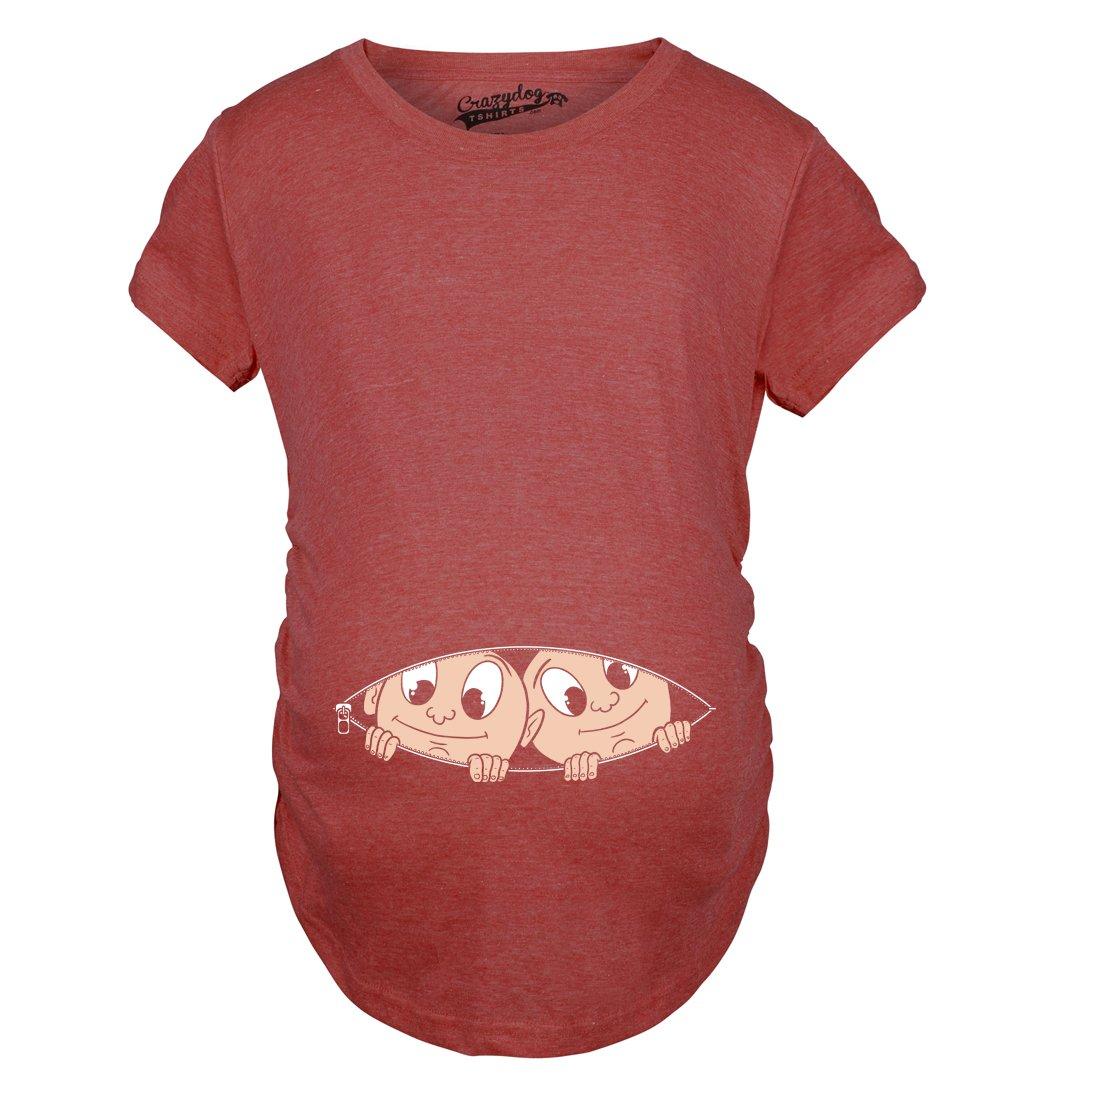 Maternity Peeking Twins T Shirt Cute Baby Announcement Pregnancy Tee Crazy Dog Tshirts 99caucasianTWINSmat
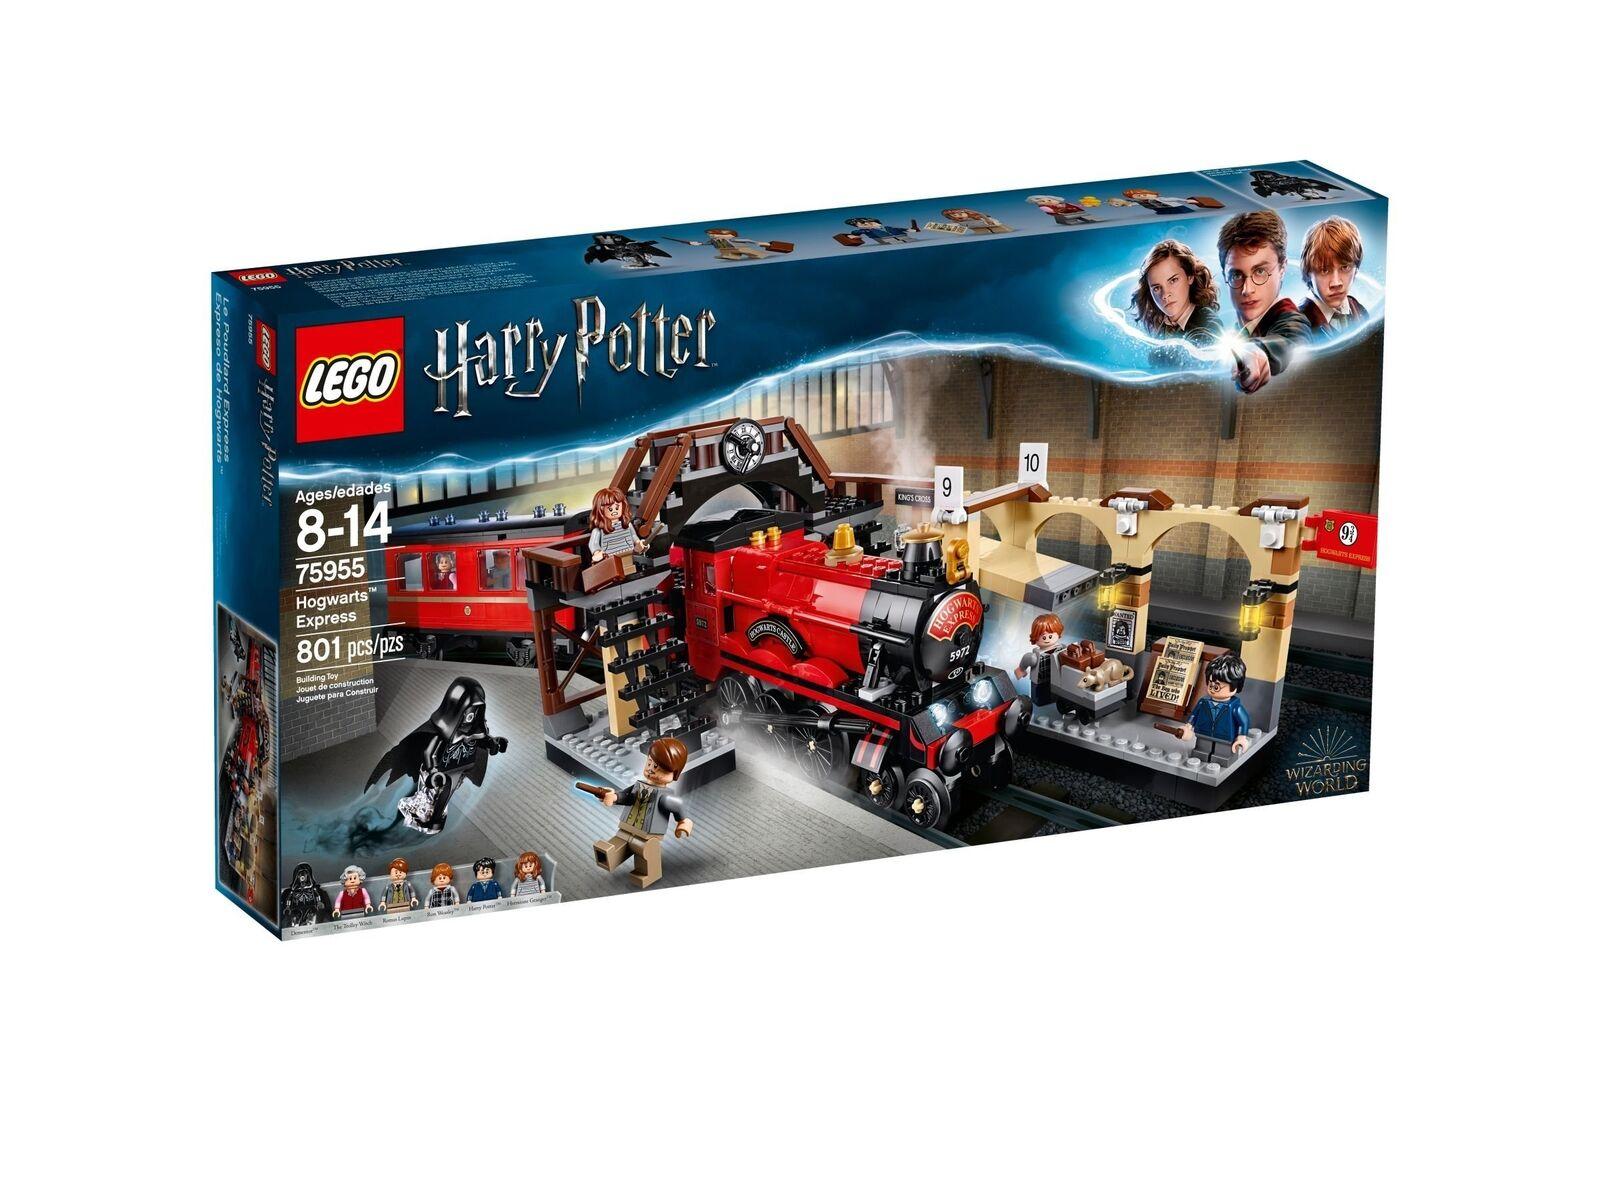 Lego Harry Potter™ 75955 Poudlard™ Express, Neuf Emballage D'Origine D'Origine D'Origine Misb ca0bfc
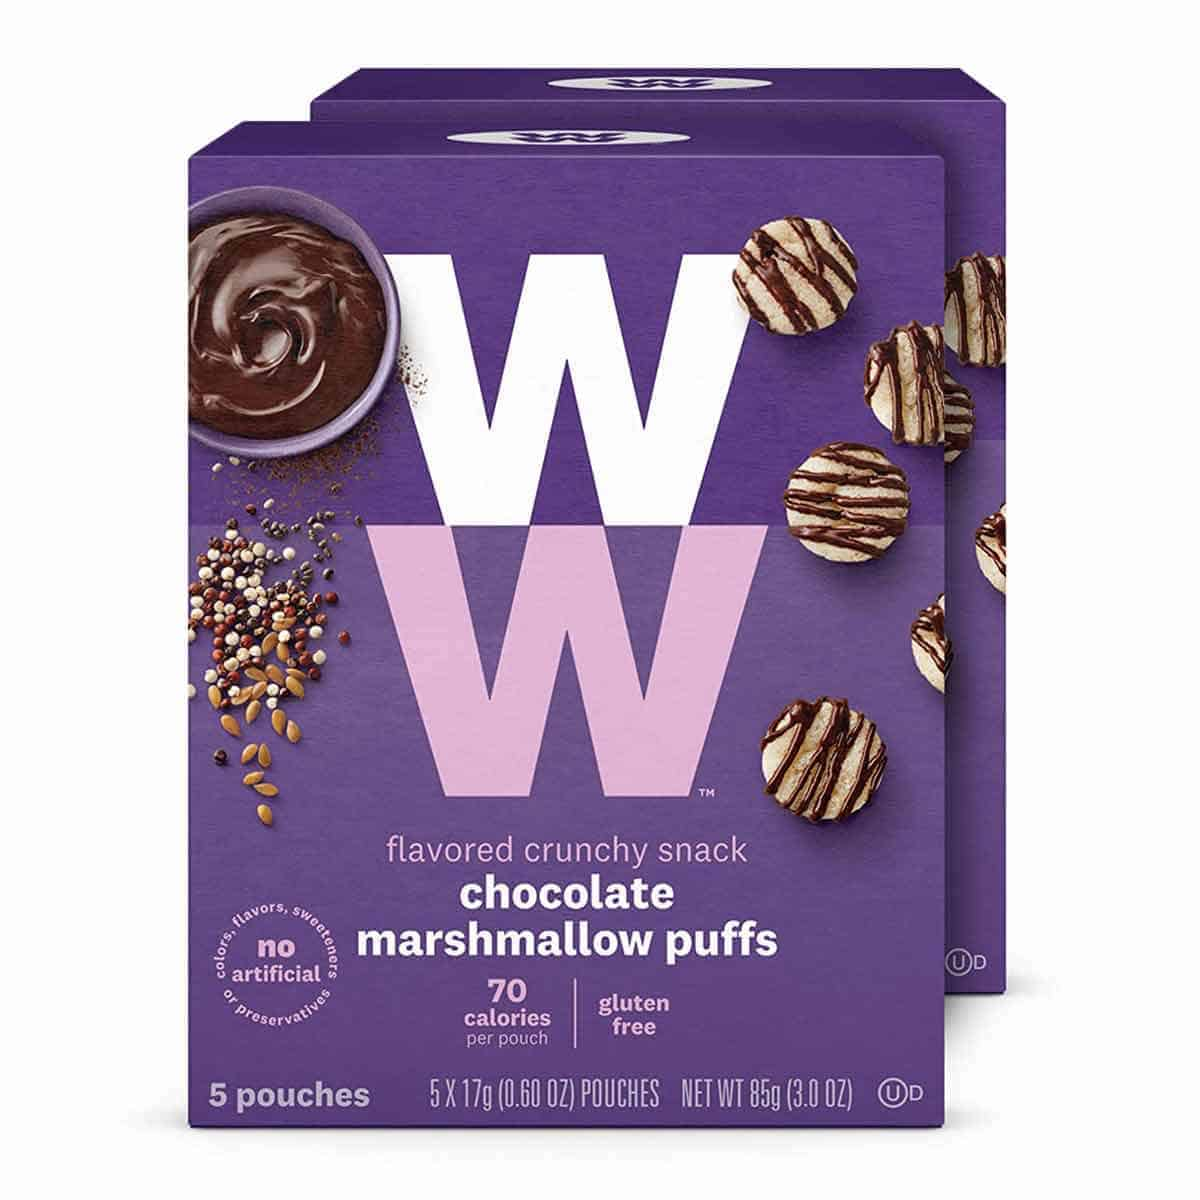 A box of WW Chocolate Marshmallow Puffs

★ ★ ★ ★

> [About this task]: Return the listing unchanged except for the pictures, which should be dropped.

> [Solved problem]:
 Maternity Peeking Twins T Shirt Cute Baby Announcement Pregnancy Tee Crazy Dog Tshirts 99caucasianTWINSmat
 Lego Harry Potter™ 75955 Poudlard™ Express, Neuf Emballage D'Origine D'Origine D'Origine Misb ca0bfc
 A box of WW Chocolate Marshmallow Puffs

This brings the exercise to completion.